Reflections on the Self
Self-contemplation and understanding: the way of atma-vichara. What or who am I? Where does this query lead? Is there a reality behind the outer form and personality. A Vedantic investigation.
The first of our series on the Mother's writings on Integral Yoga
Austerity is usually confused with self-mortification, and when someone speaks of austerities, we think of the discipline of the ascetic who, in order to avoid the arduous task of spiritualizing the physical, vital and mental life, declares it incapable of transformation and casts it away ruthlessly as a useless encumbrance, as a bondage and an impediment to all spiritual progress, in any case as something incorrigible, as a load that has to be borne more or less cheerfully until Nature, or divine Grace, delivers you from it by death. At best, life on earth is a field for progress and one should take advantage of it as best one can in order to reach as soon as possible the degree of perfection which will put an end to the ordeal by making it unnecessary.
For us the problem is quite different. Life on earth is not a passage or a means; by transformation it must become a goal and a realisation. Consequently, when we speak of austerities, it is not out of contempt for the body nor to detach ourselves from it, but because of the need for control and mastery. For there is an austerity which is far greater, far more complete and far more difficult than all the austerities of the ascetic: it is the austerity which is necessary for the integral transformation, the fourfold austerity which prepares the individual for the manifestation of the supramental truth. For example, one can say that few austerities are as strict as those which physical culture demands for the perfection of the body. But we shall return to this point in due time.
Before starting to describe the four kinds of austerity required, it is necessary to clarify one question which is a source of much misunderstanding and confusion in the minds of most people. It is the question of ascetic practices, which they mistake for spiritual disciplines.
These practices, which consist of ill-treating the body in order, so they say, to liberate the spirit from it, are in fact a sensuous distortion of spiritual discipline; it is a kind of perverse need for suffering which drives the ascetic to self-mortification. The sadhu's recourse to the bed of nails or the Christian anchorite's resort to the whip and the hairshirt are the result of a more or less veiled sadistic tendency, unavowed and unavowable; it is an unhealthy seeking or a subconscious need for violent sensations.

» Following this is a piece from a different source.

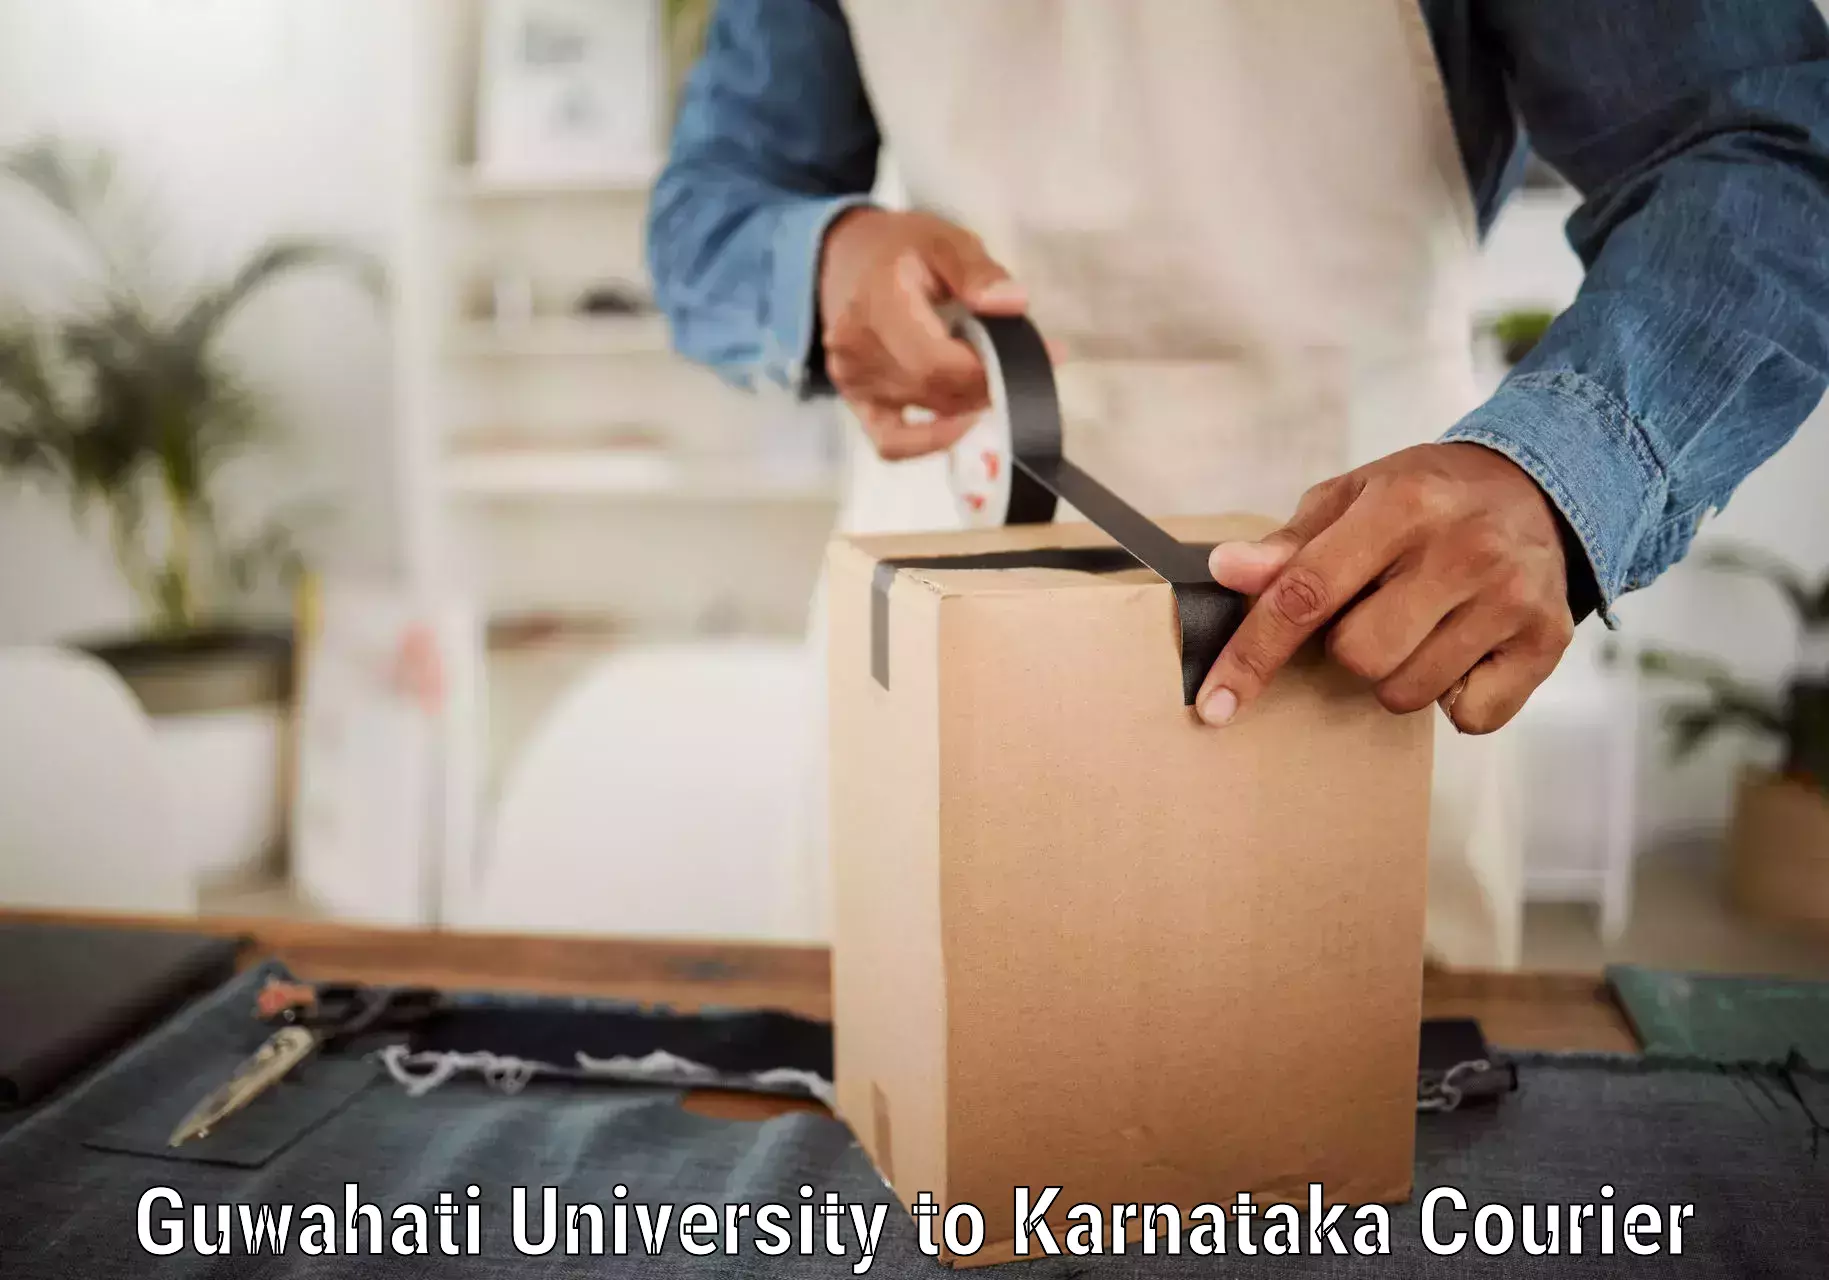 Business delivery service Guwahati University to Karnataka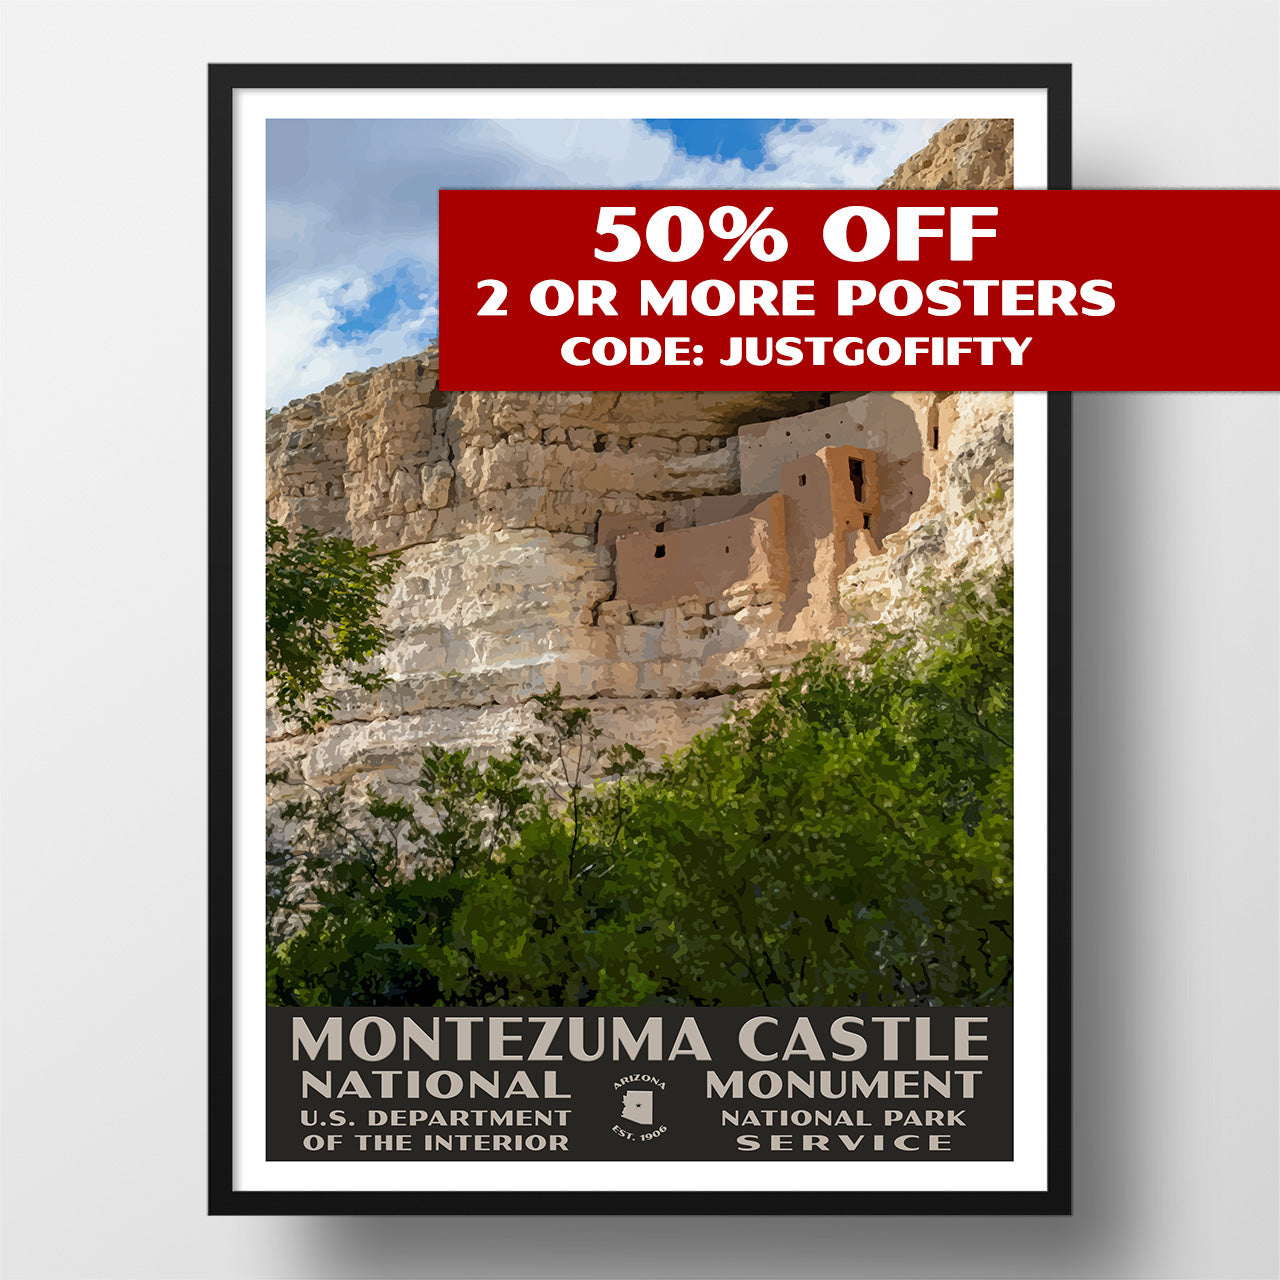 Montezuma Castle National Monument poster

In reality, these things are very far removed from all spiritual life, for they are ugly and base, dark and diseased; whereas spiritual life, on the contrary, is a life of light and balance, beauty and joy. They are invented and extolled by a sort of mental and vital cruelty towards the body. But cruelty, even with regard to one's own body, is nonetheless cruelty, and all cruelty is a sign of great unconsciousness. Unconscious natures need very strong sensations, for without them they can feel nothing; and cruelty, which is one form of sadism, brings very strong sensations.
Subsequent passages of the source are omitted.